マグカップ

 まいっちゃったね、こないのよ。


 配信が終わって、ひと息ついた寺蜜になぎさが声をかけた。今日の夕食はおそらくカレーライスで、なぎさは玉ねぎのみじん切りに余念がない。これを炒めに炒めてペーストを作るところから、彼女のカレーライス作りは始まるのである。そのために玉ねぎのみじん切りは神聖な作業である。その最中になぎさがいきなり話しかけたのである。寺蜜には最初何のことか分からない。

 「宅配かい。ネットで何か頼んだの」

 のんびりやさんだなあ。その言葉には諦めと優しさがあって、暮れ始めた二人の部屋のフローリングにゆっくりと沈んだ。


 自宅アパートの近くにあるパン屋のイートイン・スペースで、寺蜜はカレーパンを齧りながら、配信の内容を考えていた。それまで趣味としてやっていたギター奏法解説の動画の視聴率が伸びてきたため、チケット制にしてプログラムも見直し、音楽理論や作曲の仕方を自分なりに深めたプログラムとして再スタートさせた。するとコメント欄にいろんな意見が書き込まれるようになり、その中には、なかなか辛辣なコメントも多かった。


 ・チケット制にする意味あるんですか。以前と変わらないんですけど。

 ・音質を改善して。

 ・もっと丁寧に教えて欲しい。

 ・プロ意識に欠ける。というかプロじゃないんですよね。

 ・調子に乗ってないですか。メジャーなお仕事は何か手がけられたことはあるのですか。

 

 無料で公開していた時に書き込まれていた、賞賛と真逆の言葉がコメント欄の半分以上を埋めた。実際に書かれた言葉を目にすると、やはり落ち込んだ。


 まったく金が絡んだ途端にこれだ。


 しかし寺蜜にしてみれば、アルバイトから足を洗うには、この配信講座に賭けるしかないのだ。

 「あの、これよかったら。もうすぐ入れ替えの時間なんで」大振りの白いマグカップに入ったコーヒーが寺蜜の横に置かれる。モニターから目をあげると、良く見かける女性が人懐っこそうな微笑みを湛えて立っている。

 「あー、いつもご利用していただいているんで。たまには。店長にはナイショです。従業員の私が飲んだことにします。あ、私タダなんで」

 それからなぎさが寺蜜の部屋にやってくるまでに時間は掛からなかった。


 ダイニングテーブルで作業をしていた寺蜜は、立ち上がってなぎさの背後に立つ。炒めた玉ねぎとなぎさの香りが心地よく寺蜜をつつんでゆく。

 「今日もおいしいカレーが食べられる」

 「うん。で、さっき私はなんと言ったでしょう」なぎさは、少し芝居がかった口調で、背後の男に問いかける。

 「ごめん。ちゃんと聴いてなかった」

 燃える落ちる太陽が部屋の窓いっぱいにあった。なぎさの表情は影の中に沈んでいて分からない。

 「ようちゃんのそんなところ大好きだな。だから、ずっと一緒にいたい」なぎさの声の成分から、いつもの柔らかさが少し欠けている。

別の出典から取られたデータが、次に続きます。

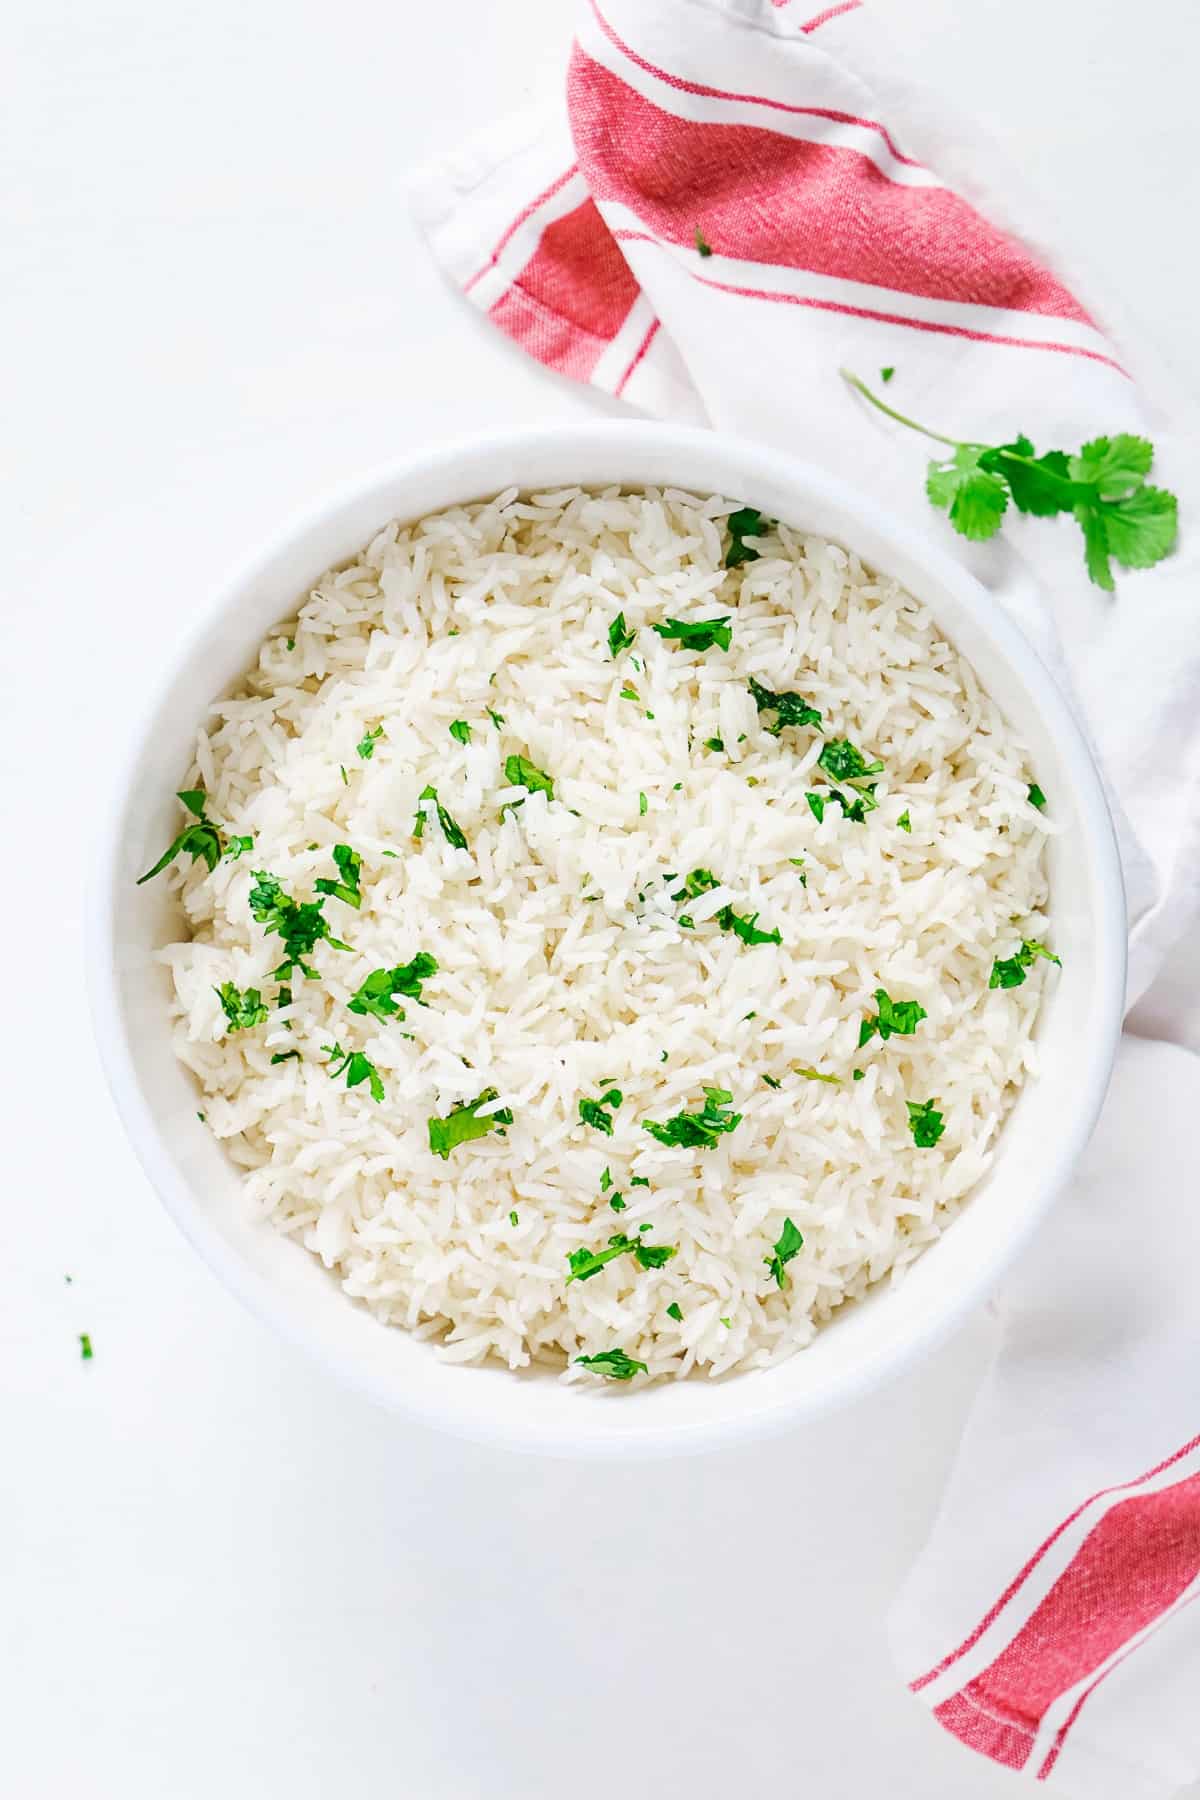 Top view of a bowl of basmati rice with parsley

 なぎさは勤めていたパン屋で、サブリーダーを勤めるまでになっていた。リーダーからの指導に加えて、自らあちこちのパン屋を巡り、オリジナルのパンの開発にも余念がなかった。そして、なぎさが考案したオリジナルのパンも店頭に並ぶようになった。

 なぎさは認められたのだ。のめり込んだらいっさい妥協をしない。それがなぎさのアイデンティティであり、それが評価されたのだ。

 「こないの。月に一度のお月様がどっかに行っちゃった」

 来ない。月に一度のお月様。寺蜜はそこでようやく理解できた。

 「なるほど。じゃ、俺も報告しよう」寺蜜の返した言葉に少し面食らったなぎさだったが、すぐに持ち前の好奇心で言葉を返してきた。「なになに。聴かせて聴かせて」陽はもう姿を消して、薄い闇が二人の部屋を染めはじめていた。


 寺蜜は、なぎさに語りかける自分の声を聞きながら、今までにない感情が芽生えてくるのを感じていた。完成させる。あの曲を。竹越が評価してくれた曲の仮タイトルは『バース』。


 いいじゃないか。仮じゃなくて。これでいこう。